Однажды вечером, придя, как уговорились, я обнаружила запертую дверь. Удивлённая, отдежурила у подъезда часа два. У меня не было никакого алгоритма поведения в такой ситуации, а жил он в далёком новом районе. Темнело. Идти к автобусу уже было страшно. До дома на такси десятка, а в кармане пять рублей. Ничего, выпрошу остальное у матери. Я села в такси. Дорога по пустому шоссе не сулила ничего хорошего, но выбора не было. Молчаливый таксист свернул в лес и без прелюдий, как глухонемой, начал стаскивать с меня кофту. Я уже не растерялась, и мои длинные когти разметили его щёки, как наскальная живопись. Удивлённый сопротивлением, он отступил.

— Вот паспорт. Мне нет восемнадцати. Вот экзаменационный лист. Я провалилась в университет, — вытряхнула я содержимое сумки. — Мой родственник работает в прокуратуре.

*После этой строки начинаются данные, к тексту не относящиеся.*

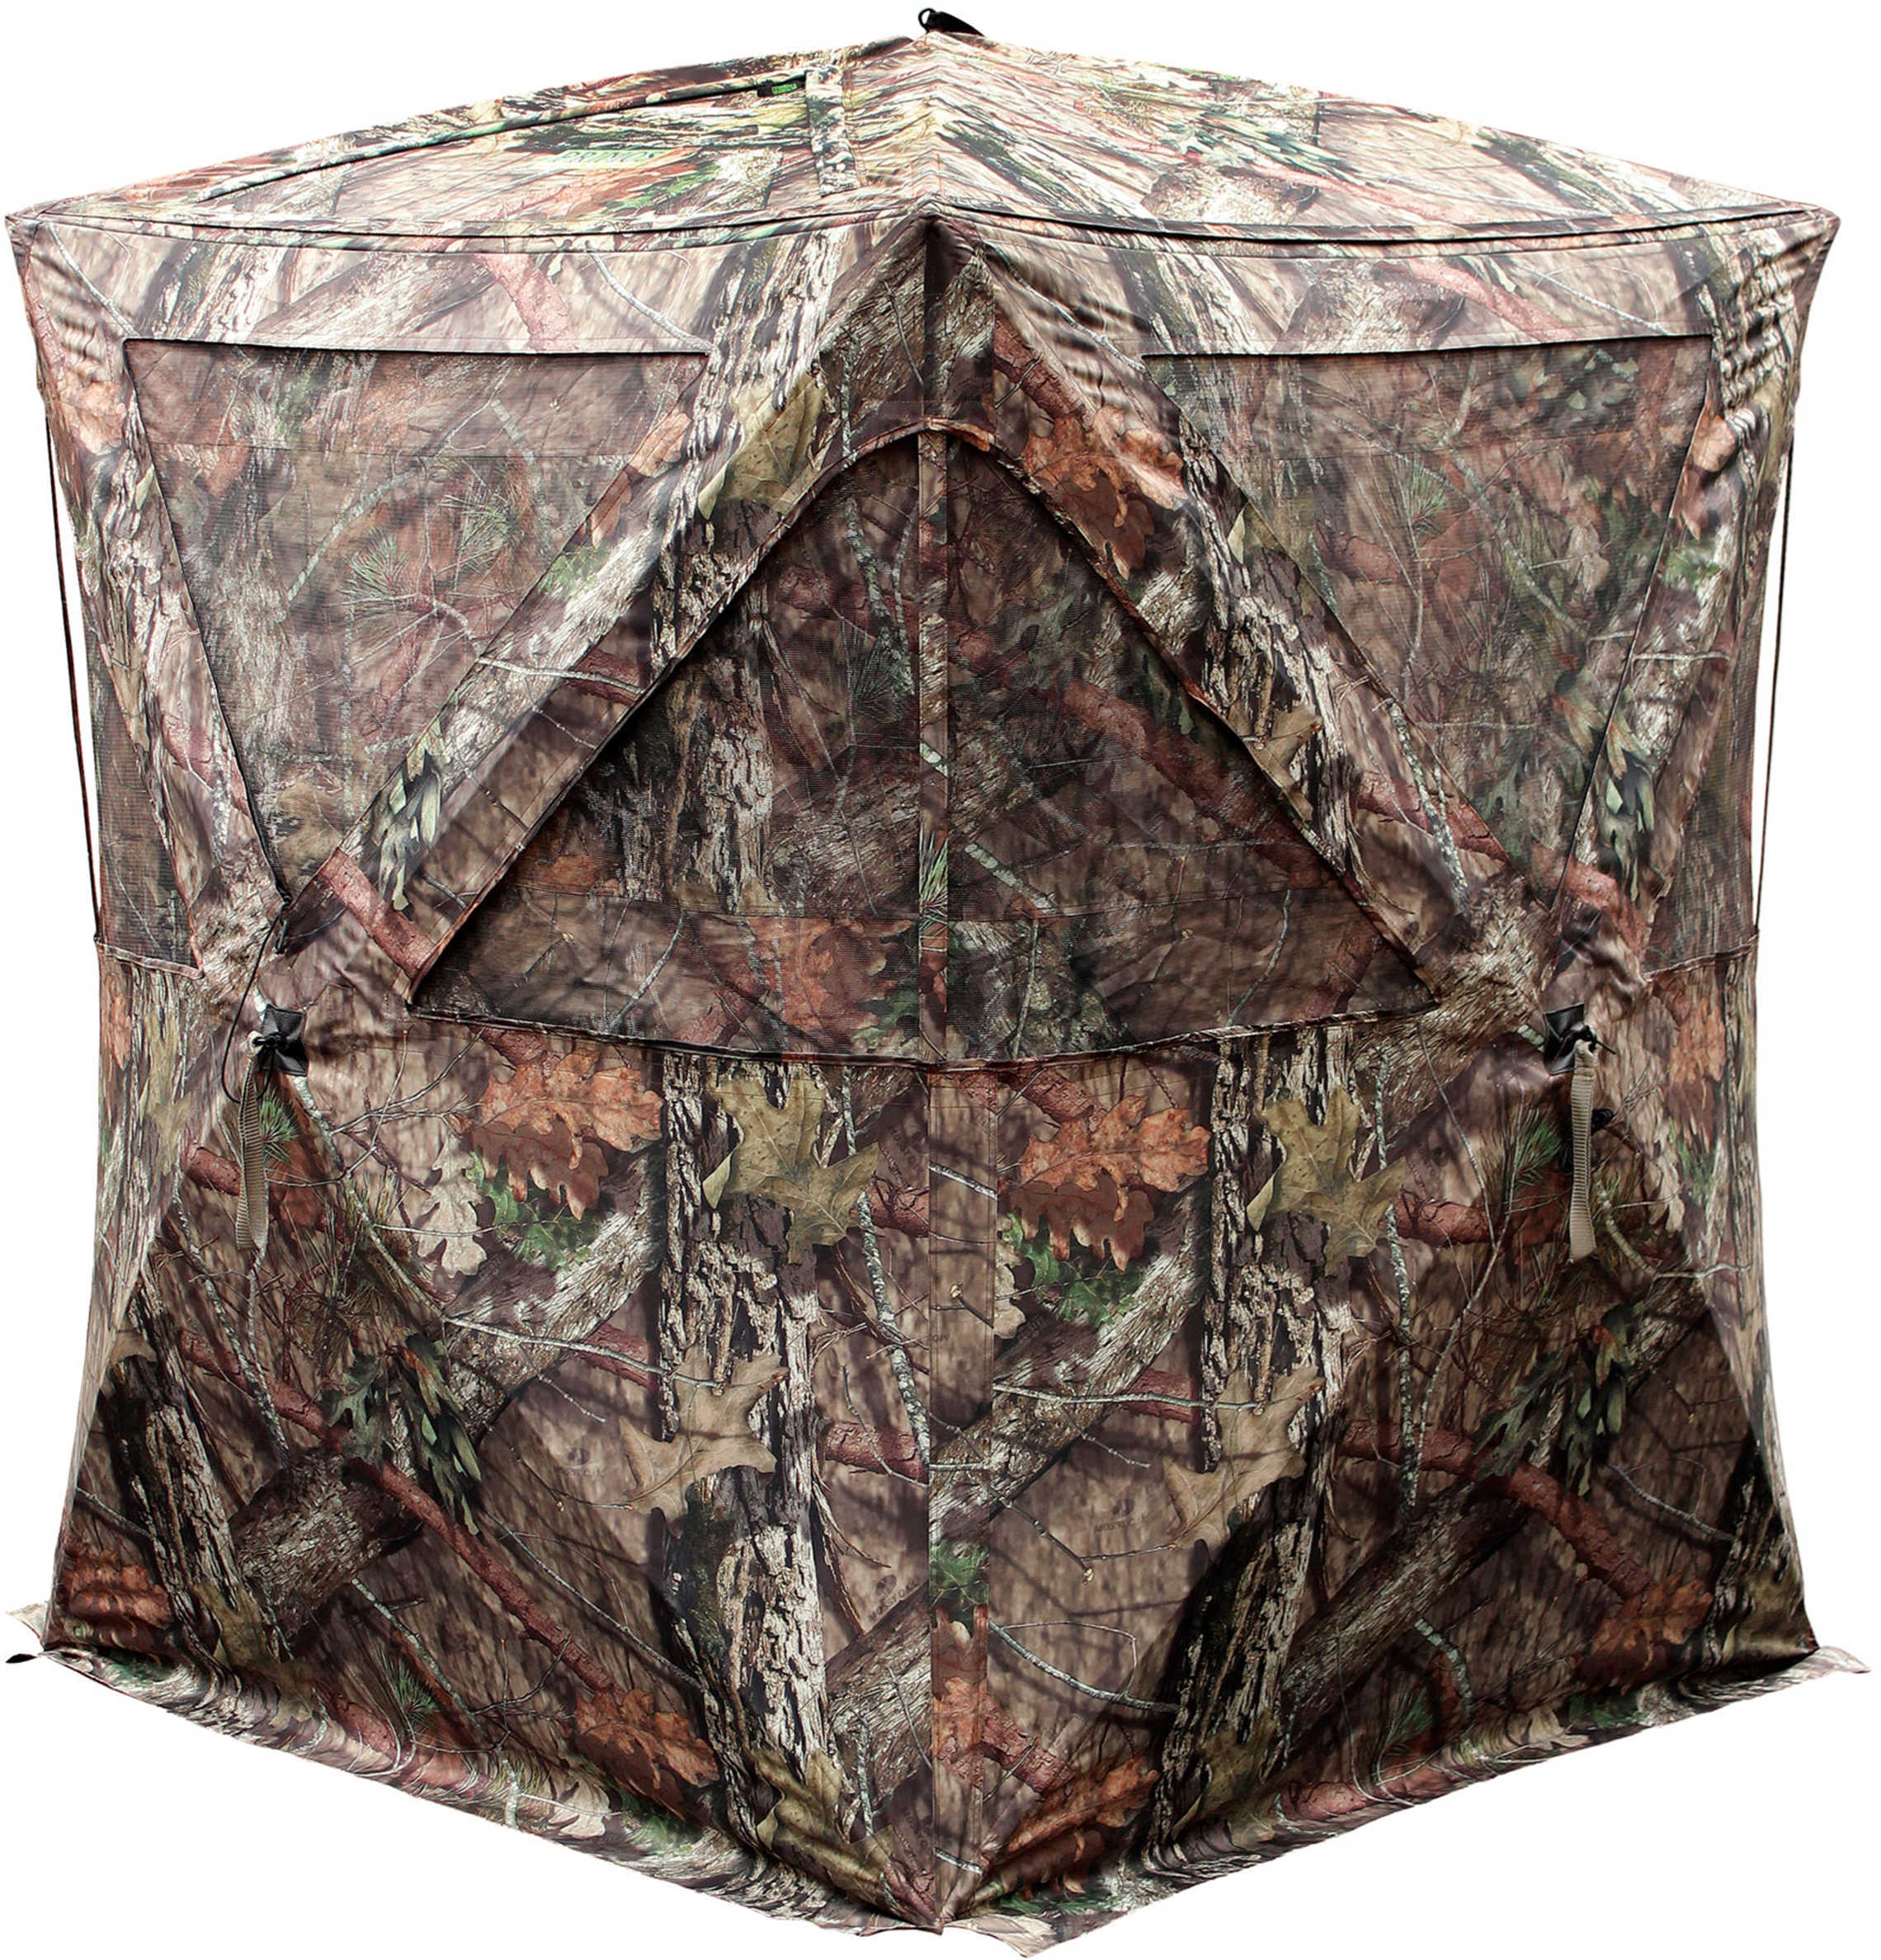 Primos Club 2x-Large, Mossy Oak Break-Up Country Hunting Blind Md: 65108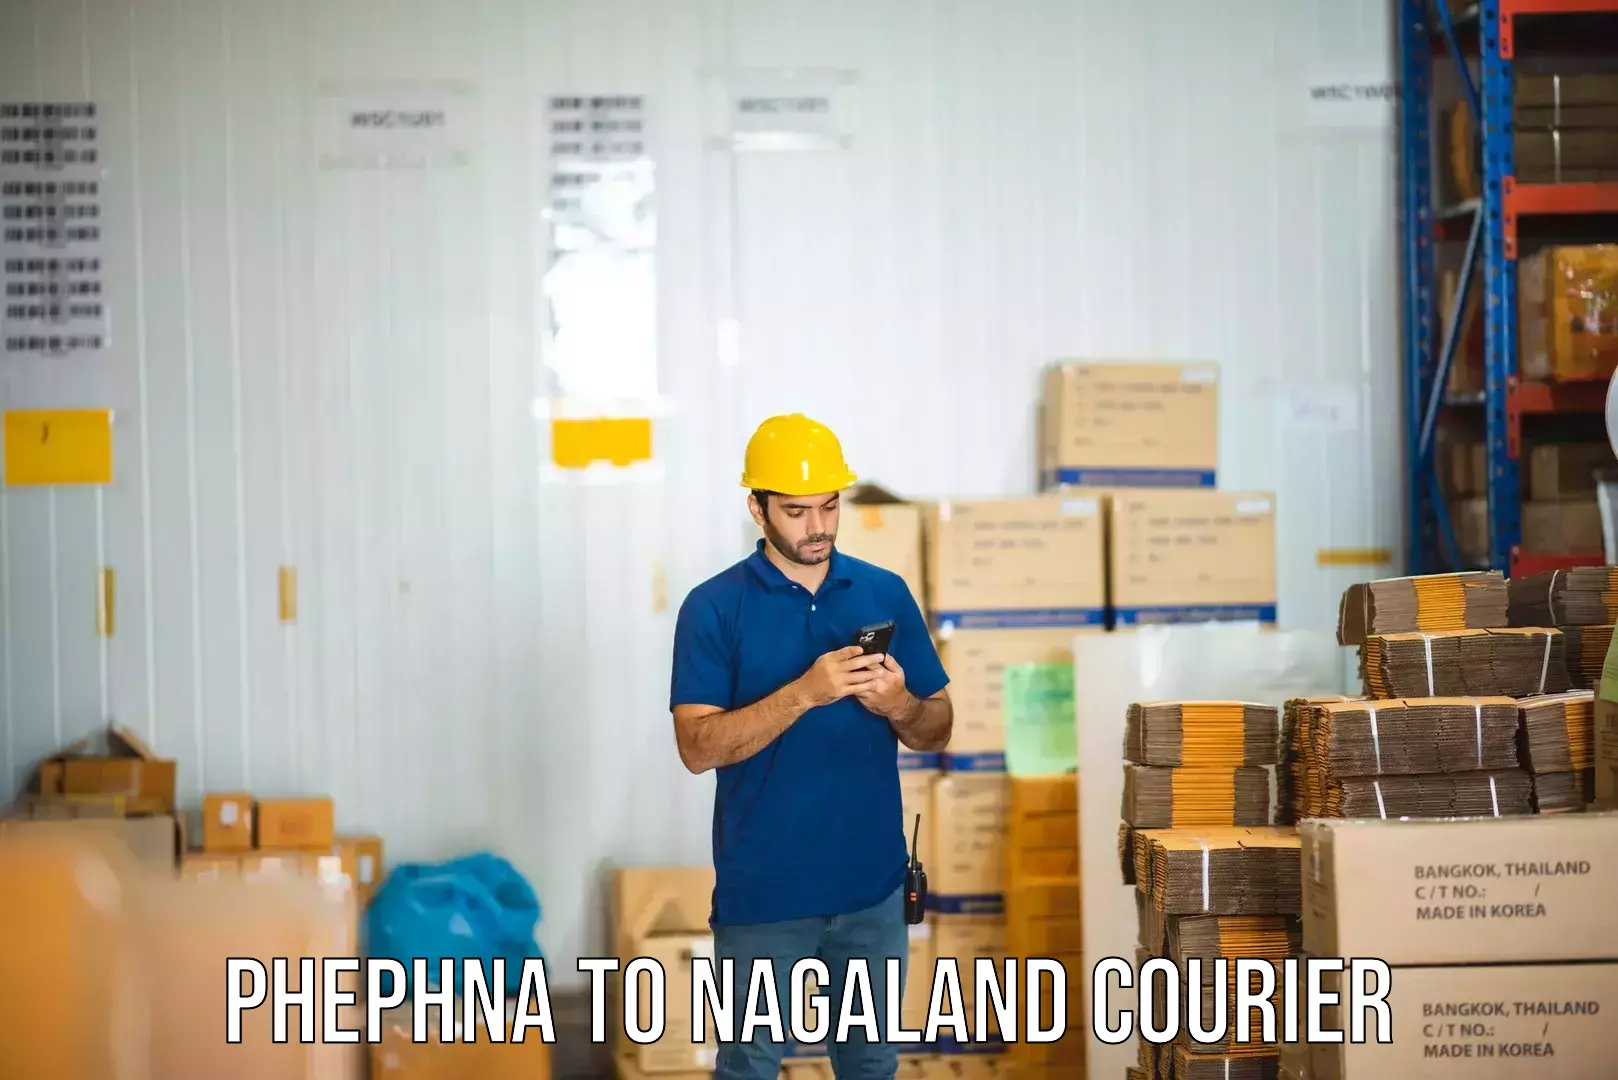 Global courier networks Phephna to Nagaland

Пятнадцать лет за изнасилование несовершеннолетней. Выйдете из тюрьмы седым.

— Я в такси работаю, дура, — хрипло сказал он после паузы. — Я вас всяких видел. И несовершеннолетних, и пенсионерок, и с университетами, и с партбилетами. У всех эта штука одинаковая. Или давай, или вали пешком!

Я вышла из машины, гордо прошествовала вперёд по освещённому фарами пространству, и он медленно тронул за мной.

— Вот я сейчас по тебе проеду, сука, и никто никогда твоих следов не откопает!

Машина зарычала прямо надо мной, и, забыв о свежей операции, о запрете бегать, о туфлях на высоком каблуке, я понеслась как сумасшедшая по мокрой болотистой жиже. Но сколько я могла пробежать? Я остановилась и начала торопливо и неумело обращаться к богу. Таксист еле успел затормозить. Потом закурил и, ни слова не сказав, развернулся и уехал. Тут началось самое страшное. Смертельно боящаяся леса, темноты и неизвестности по отдельности, я получила всё в одном флаконе. С ледяным от ужаса, непослушным телом и грохочущим сердцем, я бродила по лесу до рассвета, вела диалоги с друзьями, читала стихи, а меня обступали все ужасы по очереди, от самых детских до самых взрослых. Ветки цепляли меня за распущенные волосы, ямы ухватывали мои туфли на неудобных каблуках, тени демонстрировали ужасные картинки. При своём топографическом кретинизме я, может быть, ходила всю ночь по кругу, пока радиус его не увеличился и колючая проволока не вцепилась в мои светлые брюки. Проволока оцепляла что-то тёмное и огромное, по ней, как мальчик-с-пальчик по камушкам, я вышла на шоссе.

Светало. Я села на сумку и заснула. Меня растолкали водители, едущие с ночной смены. Они дали кофе из термоса, чистый платок для физиономии, долго ругали, что не запомнила номер, и отвезли обратно. В пять утра я позвонила в дверь. Валентинов открыл и отшатнулся. Брюки были рваные и грязные по колено, футболка — с размытыми пятнами слёз и косметики, руки и лицо исцарапаны сложным узором. Когда, выйдя из ванной, я посвятила его в подробности, он пришёл в ужас.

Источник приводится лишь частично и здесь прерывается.